On 05/02/2012 04:28 PM, Hoop wrote:

All,

This is my latest in a now monthly series of requests for help with
doing aggregations with our TDS.  The problem I first reported back
on 23 February, wherein aggregations don't notice time steps added
to the final file in the time series, is unresolved..  Since I last
wrote (4 April), we upgraded to 4.2.10.  There was no effect that we
could discern.  Whether we use NcML or FeatureCollection, new time
steps in the final file go unnoticed until Tomcat is restarted.
Fabulously, if a new file is added without restarting Tomcat, the
initial time steps in the new final file are added to the aggregation,
leaving a gap where the time steps added to the previous "final" file
since the last Tomcat restart should be.  This leads to complaints of
the aggregation not being CF-compliant, since it appears to have
uneven spacing in time.

Interestingly, doing the aggregation in RAMADDA works as we would
expect, since it is frequently rebuilding the aggregation.  So, while
it is perhaps less efficient than TDS, at least it is reliable.

-Hoop

Ethan,

I've deleted Claude's original post from the cascade below, and neatened up
the Subject: line, which will no doubt screw up threading.  In any case, our
web system administrator tells me that we had such a NetcdfFileCache element
all along, with maxFiles set to 0 (I don't have all of our TDS config files
in front of me, alas).  I also found, in the online documentation at:

http://www.unidata.ucar.edu/projects/THREDDS/tech/tds4.2/reference/ThreddsConfigXMLFile.html#DiskCache

the following:

  <FeatureCollection>
    <dir>/tomcat_home/content/thredds/cache/collection/</dir>
    <maxSize>20 Mb</maxSize>
    <jvmPercent>2</jvmPercent>
  </FeatureCollection>

Eliminating the<dir>  and<jvmPercent>  elements, and setting maxSize to zero
(and, hopefully putting it in the correct TDS config file.>SIGH<), we
restarted Tomcat.  The results were initially disenheartening, as a timestep
added to the final file an hour before was not included in the
featureCollection aggregation, but was picked up by the NcML aggregation of
the same time series.

I just checked again (about an hour later), and it's still not part of the
featureCollection aggregation.  So, we still have no solution AFAIK.  Of
course, I don't know which TDS config file our web system administrator
put the maxSize element in.  The web page above says it should have gone in:

${tomcat_home}/content/thredds/threddsConfig.xml

Our web system administrator has gone home for the day, but I've asked him
in e-mail just which config file he put that element in.

-Hoop

On 04/04/12 14:51, Hoop wrote:

Ethan,

Thanks for responding. I'm dubious that this will be effective.
Our web system administrator looked around and found a different
cache directory for collections. When he cleared this out, the
new invocation of Tomcat resulted in the missing timesteps finding
their way into the featureCollection aggregation. It thus strikes
me that this is indeed the cache that needs to be cleaned our and/or
disregarded by the aggregation-making daemon process.

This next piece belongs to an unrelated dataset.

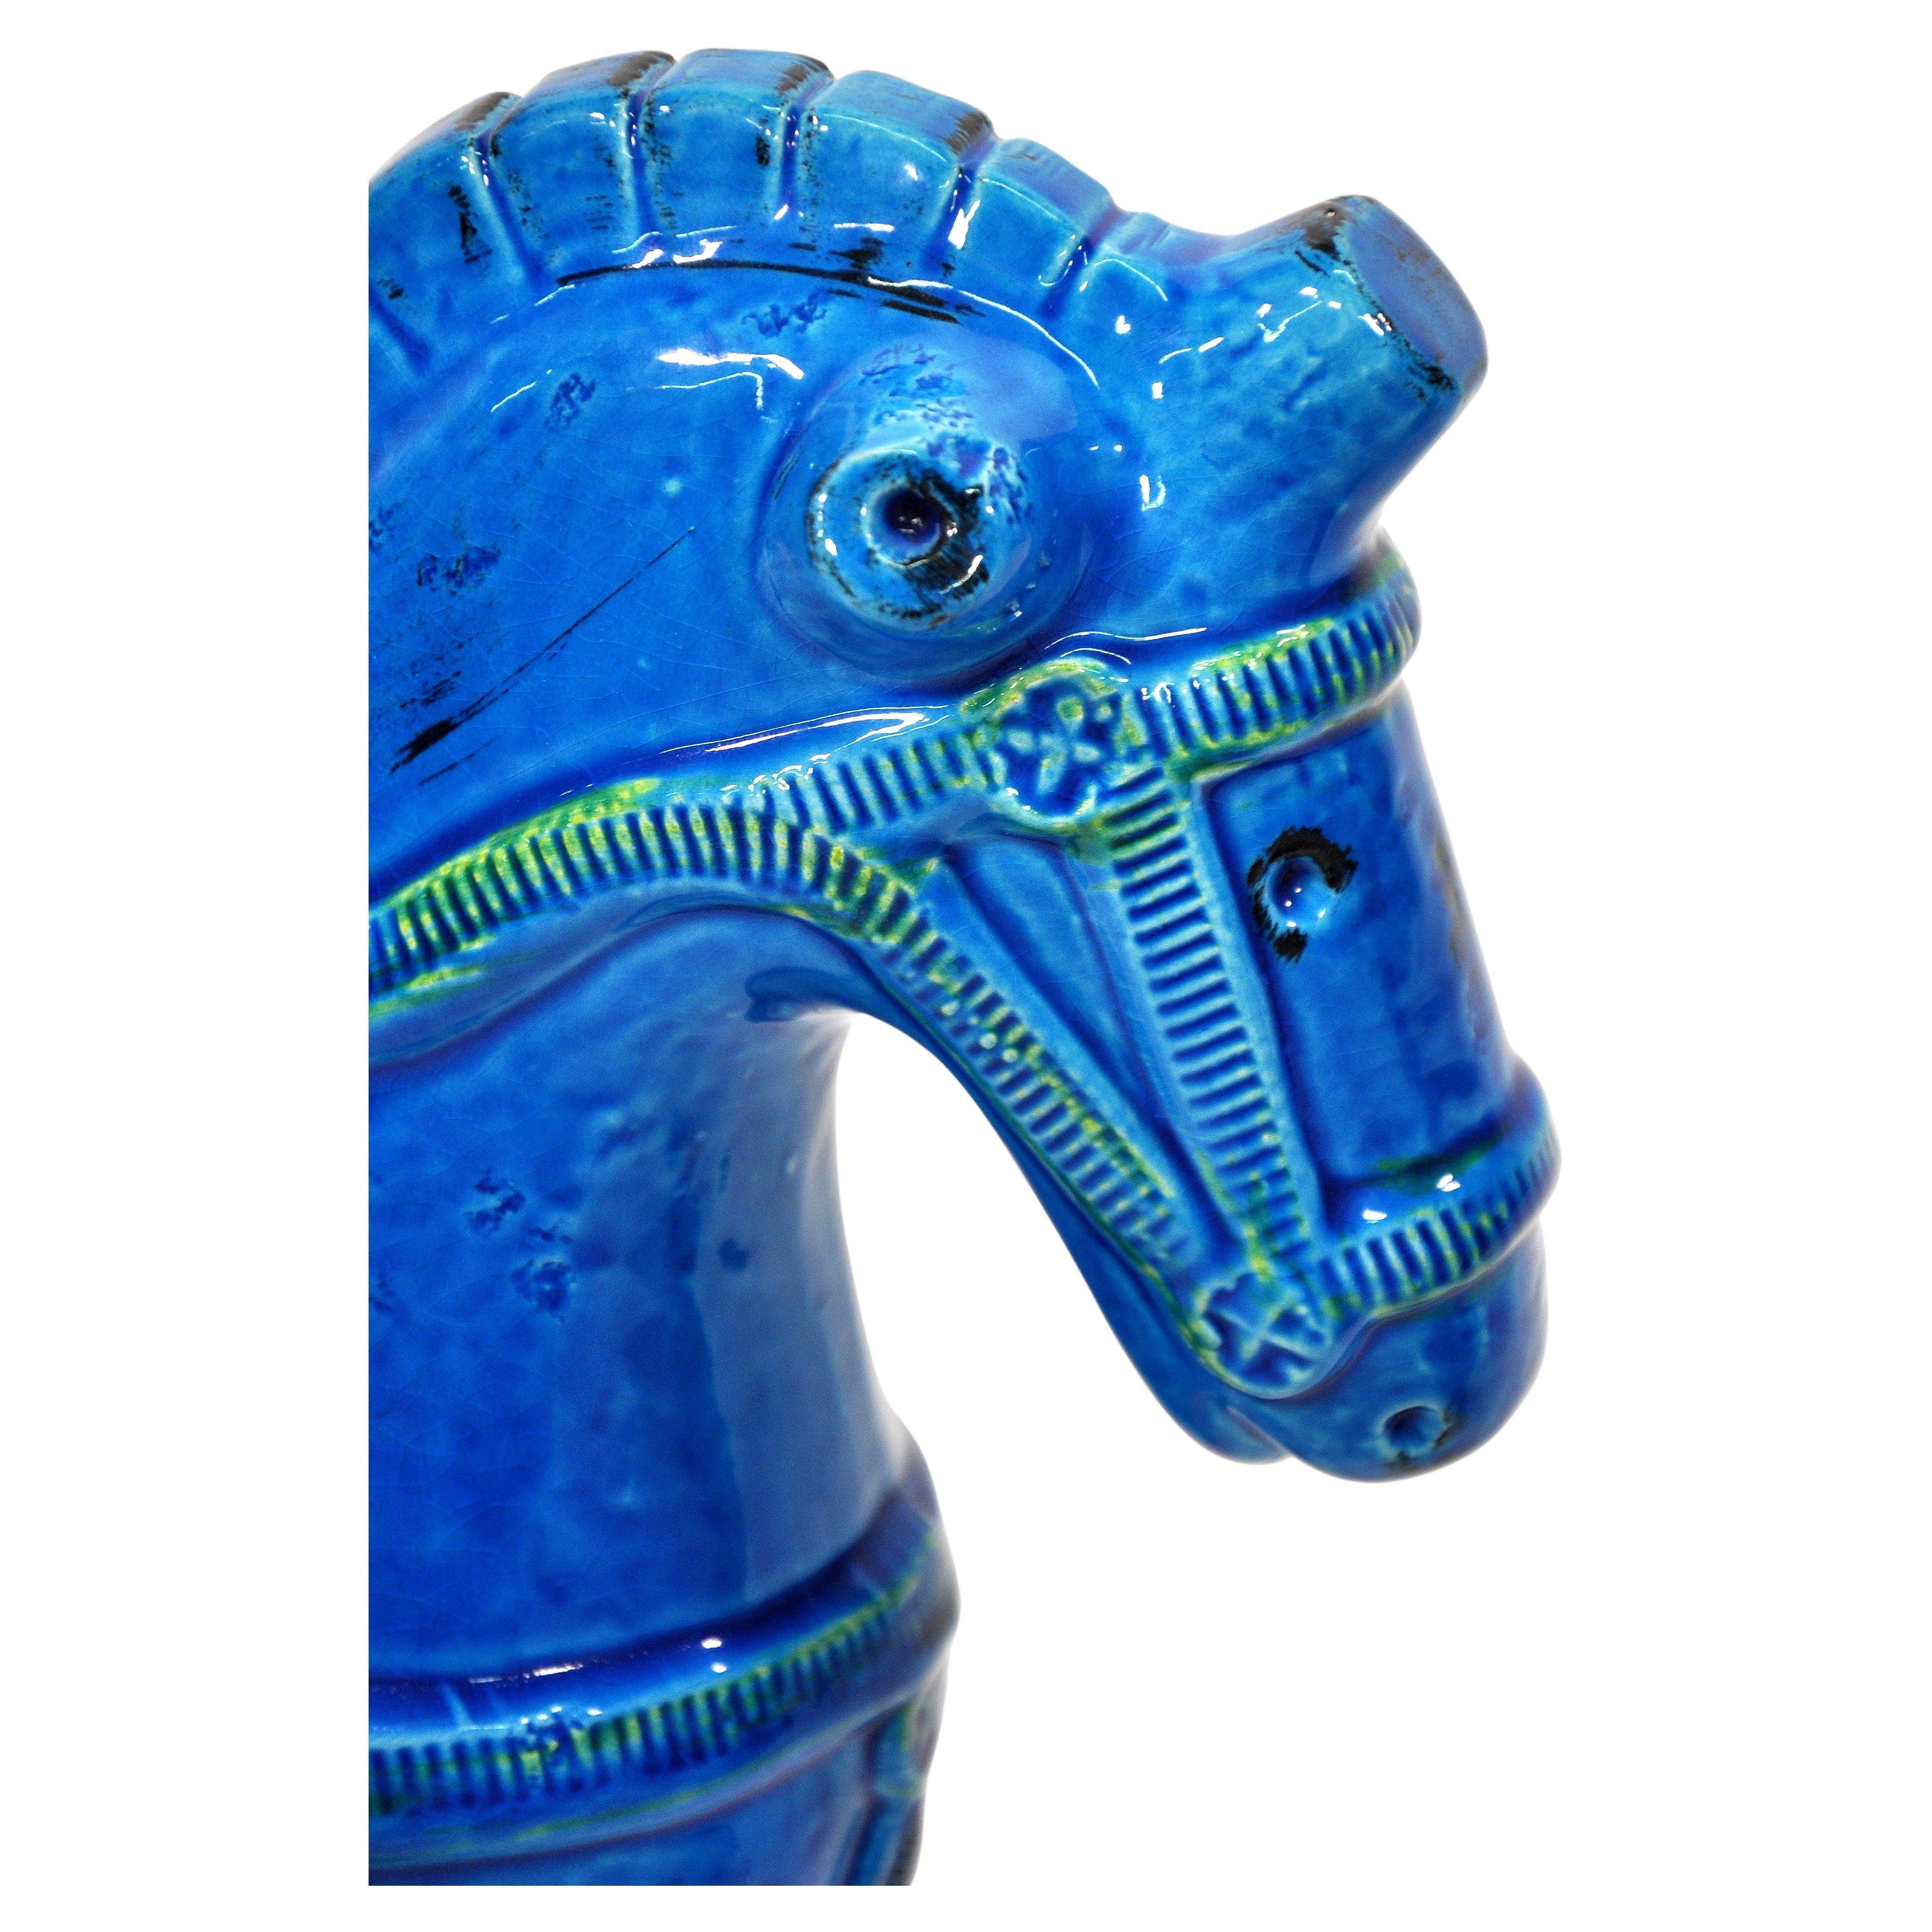 Aldo Londi for Bitossi Rimini Blu Large Ceramic Horse In Excellent Condition For Sale In Miami, FL

Nonetheless, we'll try it and get back to you.

-Hoop

---------------------------- Original message -------------------------------
Re: [thredds] Pb between OpenDap and THREDDS when netcdf file are modifed

* To: thredds@xxxxxxxxxxxxxxxx
* Subject: Re: [thredds] Pb between OpenDap and THREDDS when netcdf file
are modifed
* From: Ethan Davis<edavis@xxxxxxxxxxxxxxxx>
* Date: Wed, 04 Apr 2012 13:55:46 -0600

Hi Hoop,

Try turning off the NetcdfFile caching in your threddsConfig.xml by
setting NetcdfFileCache/maxFiles to zero:

http://www.unidata.ucar.edu/projects/THREDDS/tech/tds4.2/reference/ThreddsConfigXMLFile.html#FileCache

This will turn off the NetcdfFile cache globally but not the aggregation
caches. There may be some performance issues in turning this off but we
suspect that OS file caching may make it negligible.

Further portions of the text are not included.